The Tenant
Page 30
She squeezed Gregers’s hand and he squeezed back. He understood. And thus they sat squeezing back and forth with their eyes on the dimly lit towers and spires of Copenhagen. Then Gregers took a deep breath.
“I never knew you wrote books?”
“I don’t anymore. Not the kind of books I thought I would write, anyway.” The thought of ever writing anything again at all seemed absurd at the moment.
“Really? Well, it’s just that I’ve helped print books, but I never actually knew anyone who wrote one.”

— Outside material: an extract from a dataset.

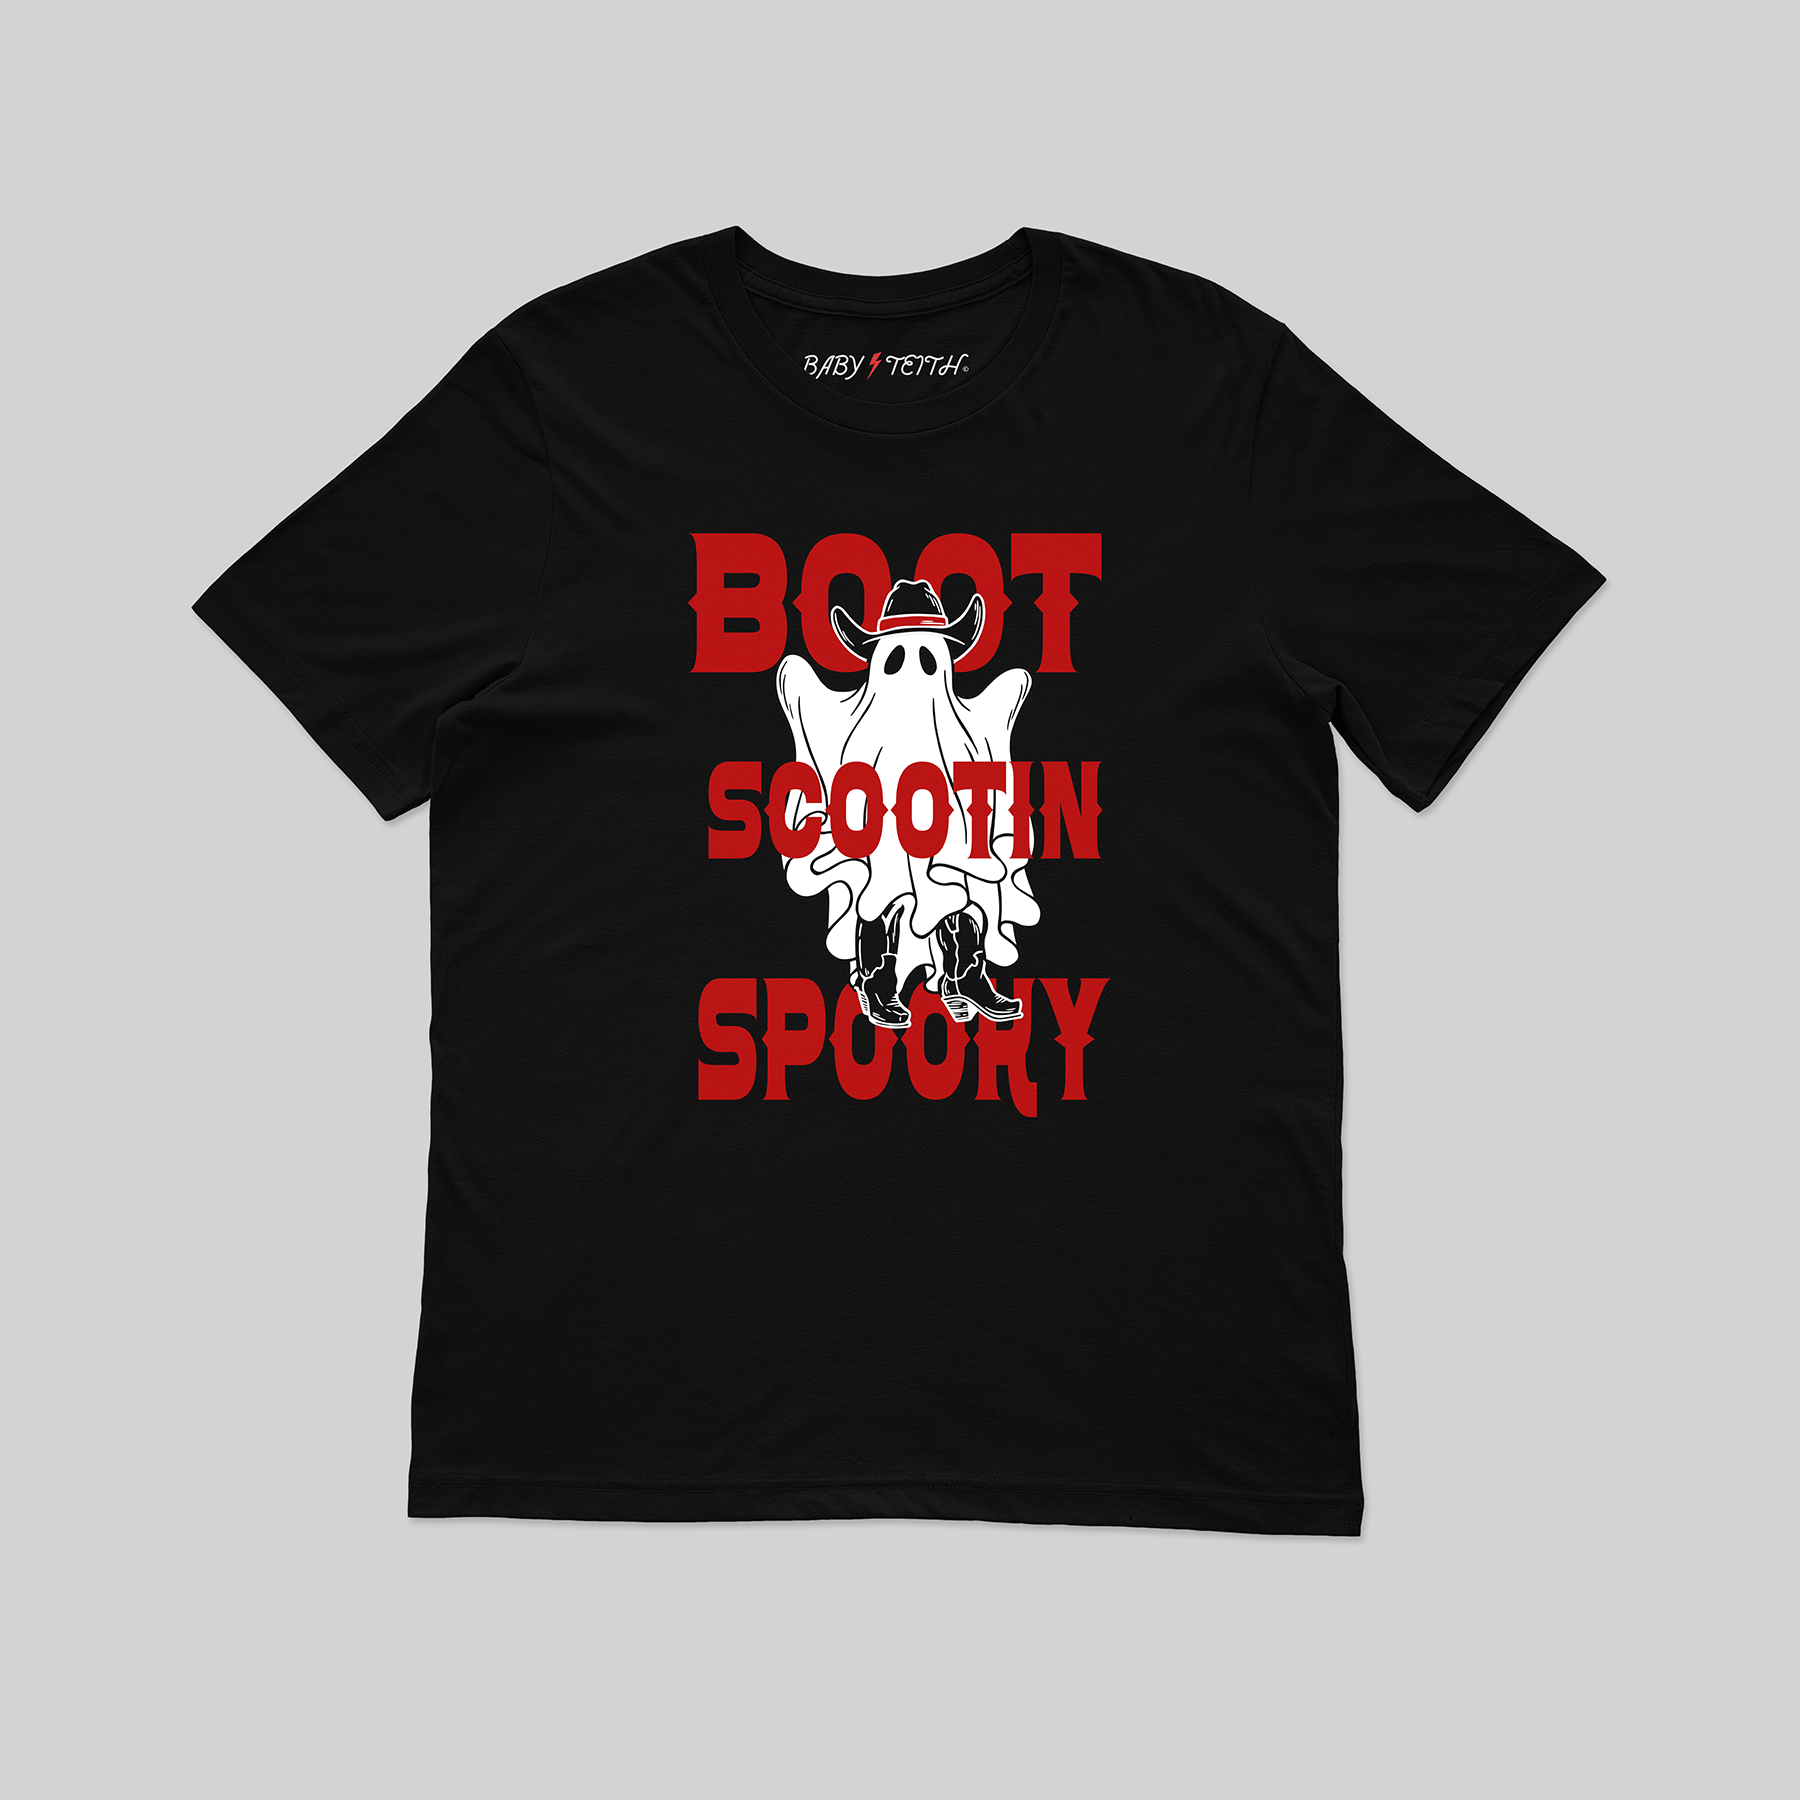 Boot Scootin Spooky Unisex Tee for Adults

“I’m afraid you still don’t, Gregers.”
“No, but maybe someday. Right?”
We’re becoming friends, Esther thought. After all these years. She looked at him. Old skin over strong bones, watery eyes, a friendly gaze. Maybe he was just a little rusty from having lived alone for so many years, like herself.
“Gregers, I’m going to have to sell the building.”
The words left her mouth before the thought was fully conscious but as soon as she said them, she knew they were true. She pictured her childhood bedroom with its sloping walls, her mother at the old gas stove, back when the kitchen was facing the courtyard. She sat on her father’s lap in the wing-back chair as he read her the newspaper, his pipe smoke billowing up around them, and she drew with chalk and played with the other kids in the street. In that house she had seen her mother’s face for the first time and the last, had her first kiss and carried her only child, and she had never even considered leaving it, not for a second. It wasn’t just a home to her: it was her entire history.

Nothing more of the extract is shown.